Дворец генерал-губернатора. Стучат машинки, входят и выходят товарищи, аккуратные барышни бегают. У входа два красноармейца.
— Я вчера у св. Андрея Неокесарийского в толковании к Апокалипсису читал-с… да, я теперь знаю уж точно… насчет коминтерна-с.
Яков Лукич, в потертом пальто, сильно закутав платком шею, в огромных калошах, входил со мной в вестибюль. Мрачный у него был вид. Хорошо бы закрестить всю эту дьявольскую чепуху.
Мы подали кому следует свою бумажку, сколько надо ждали, потом нас попросили в зал заседаний. Узкая комната с окном на площадь. Длинный стол, в центре Каменев, по бокам «товарищи», больше молодежь.
— Ваше дело теперь скоро, — шепнула барышня. — Можете здесь побыть.
Каменев сидел несколько развалясь, побалтывая под столом ногой. Ботинок снят, очевидно натер. Он — председатель совета, а тут заседание президиума. «В самое ихнее пекло и попали-с…» — шепнул Яков Лукич. И стал разбирать свои бумажки. (Там у него подробно, тщательно было разрисовано, какие мы когда выпускали книги, в каком количестве, как работала типография, и т. п.)
Нельзя, впрочем, сказать, чтобы по виду пекло было страшное.
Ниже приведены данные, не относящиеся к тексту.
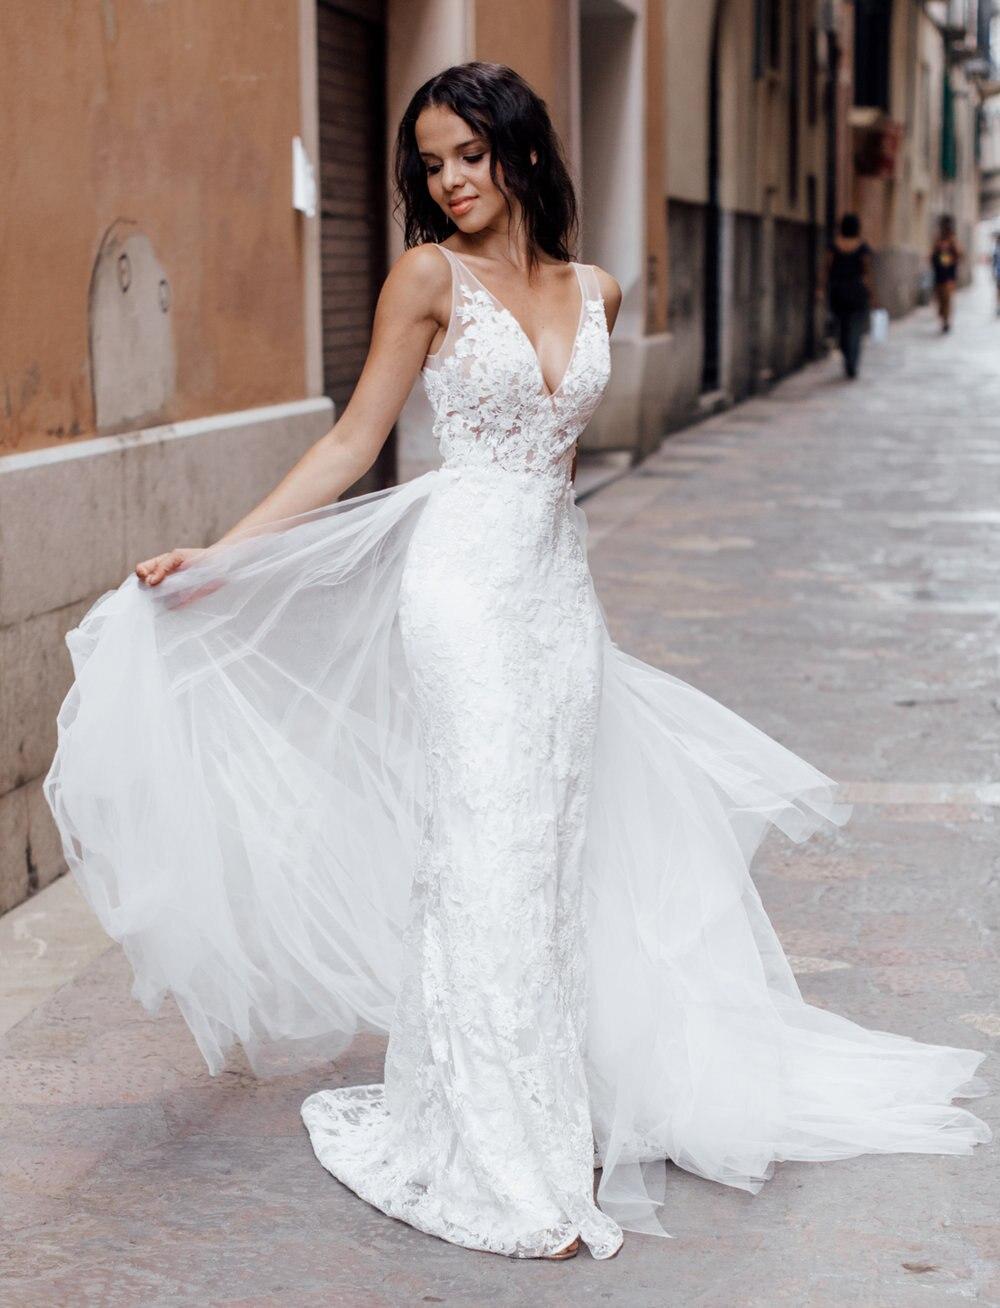 Elegant Mermaid Ivory White Wedding Dress Lace V Neck Robe De Mariee Sofuge Dubai Arabic Abiti Da Sposa Detachable Train

Каменев кивнул почти любезно, «разбойнички» имели тоже веселый вид — слесаря, вроде приказчиков, булочники, некоторые с залихватскими вихрами. Во френчах, кожаных куртках. Тоже поглядывали на нас с любопытством. «Про Короленку, Владимира Галактионовича, не забудьте, про Короленку, — шептал Яков Лукич. — Что, мол, такого знаменитого писателя тоже издаем. Они его уважают. И Кропоткина… Гаршина, обязательно надо…» — «Яков Лукич, а как бы это не наврать, какой у нас с первого-то января баланс?» Яков Лукич не без раздражения тычет ведомость с колонкой цифр — все это я приблизительно знаю, да вдруг собьешься перед коминтерном. — «Я уж ведь вам показывал-с… А ежели, извините, собьетесь, — только уж не уменьшайте…»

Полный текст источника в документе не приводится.